The following are the typical project charter content:
  •       Business Case
  •       Problem Statement
  •       Goal Statement
  •       Scope of the project
  •       Team Members
  •       Timelines

 I want to share my experience in terms of guidance for charter preparation and common mistakes people commit while preparing project charter to avoid. 

Points to consider:
  • Project charter should not contain root cause of the problem
  • Solutions are not part of the project charter
  • If you know the root cause and the solution, then there is no DMAIC project
  • Charter need to be shared with the stake holder, preferably with a round of discussion on the document
  • Charter is a live document need to be referred throughout the journey of the project.
  • Charter can be revised during the Define and Measure phases but not after the Measure phase in the journey of DMAIC
o   Define Phase: Charter will always go through modifications based on stake holders buy in, problem prioritization by function and the management etc.,
o   Measure Phase: Perception of a problem and high-level data presented or understood at the define phase will be challenged based on process capability studies during the Measure Phase .
o   If you revise the charter at the analyse phase, then its a clear signal that you have not understood the problem well and the team would have spent by now atleast two 40 to 50 days.
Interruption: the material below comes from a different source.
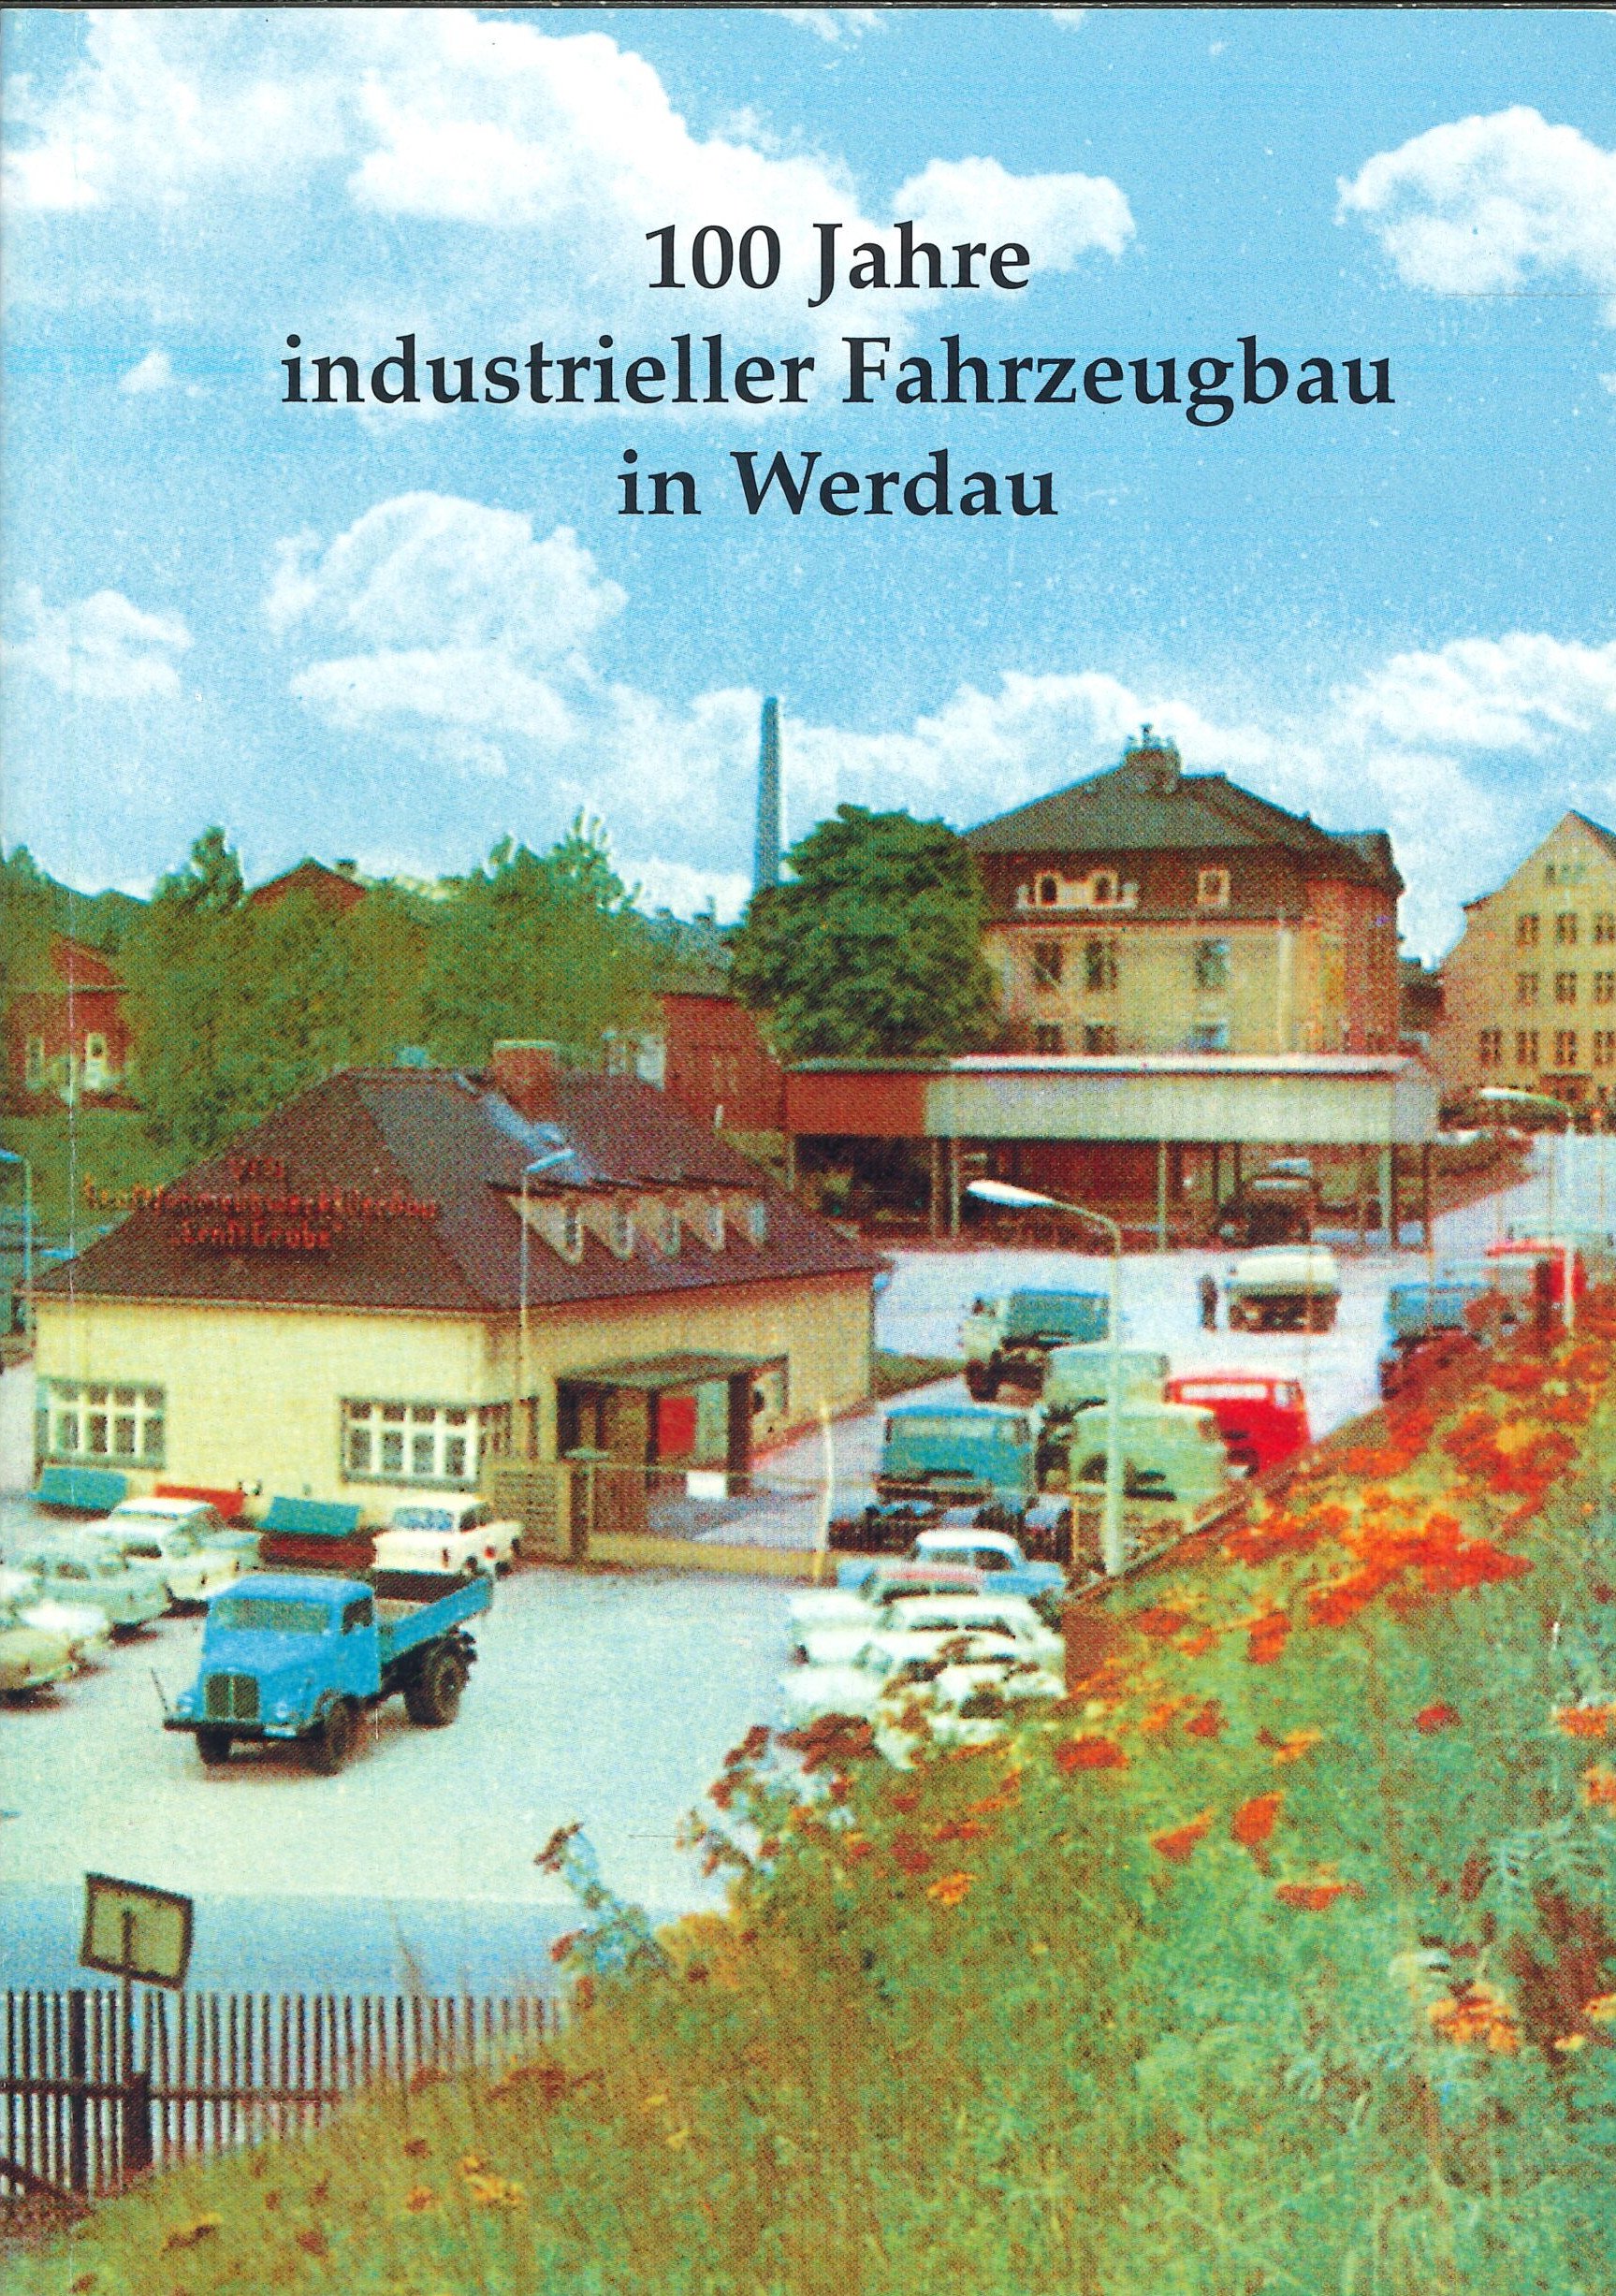 Festschrift Werdau (Feuerwehrmuseum Grethen CC BY-NC-SA)

If you keep changing the direction, scope of the project you lose the interest of the team and it will derail the project completely.

Summary:
Six Sigma brings in lot of discipline in terms of structured thinking and challenging our paradigm we carry about our process.
Six Sigma is a journey of excellence not to be viewed as Problem Solving Tool. Hence, make use of time wisely by following the DMAIC stages religiously.   

 I end this blog by quoting Innovator Rolf Smith. Rolf identifies the 7 Levels of Change and each involves "doing" and "moving your thinking into action to drive change." Level 1 starts by "Doing the right things," ending at Level 7 by "Doing things that can't be done."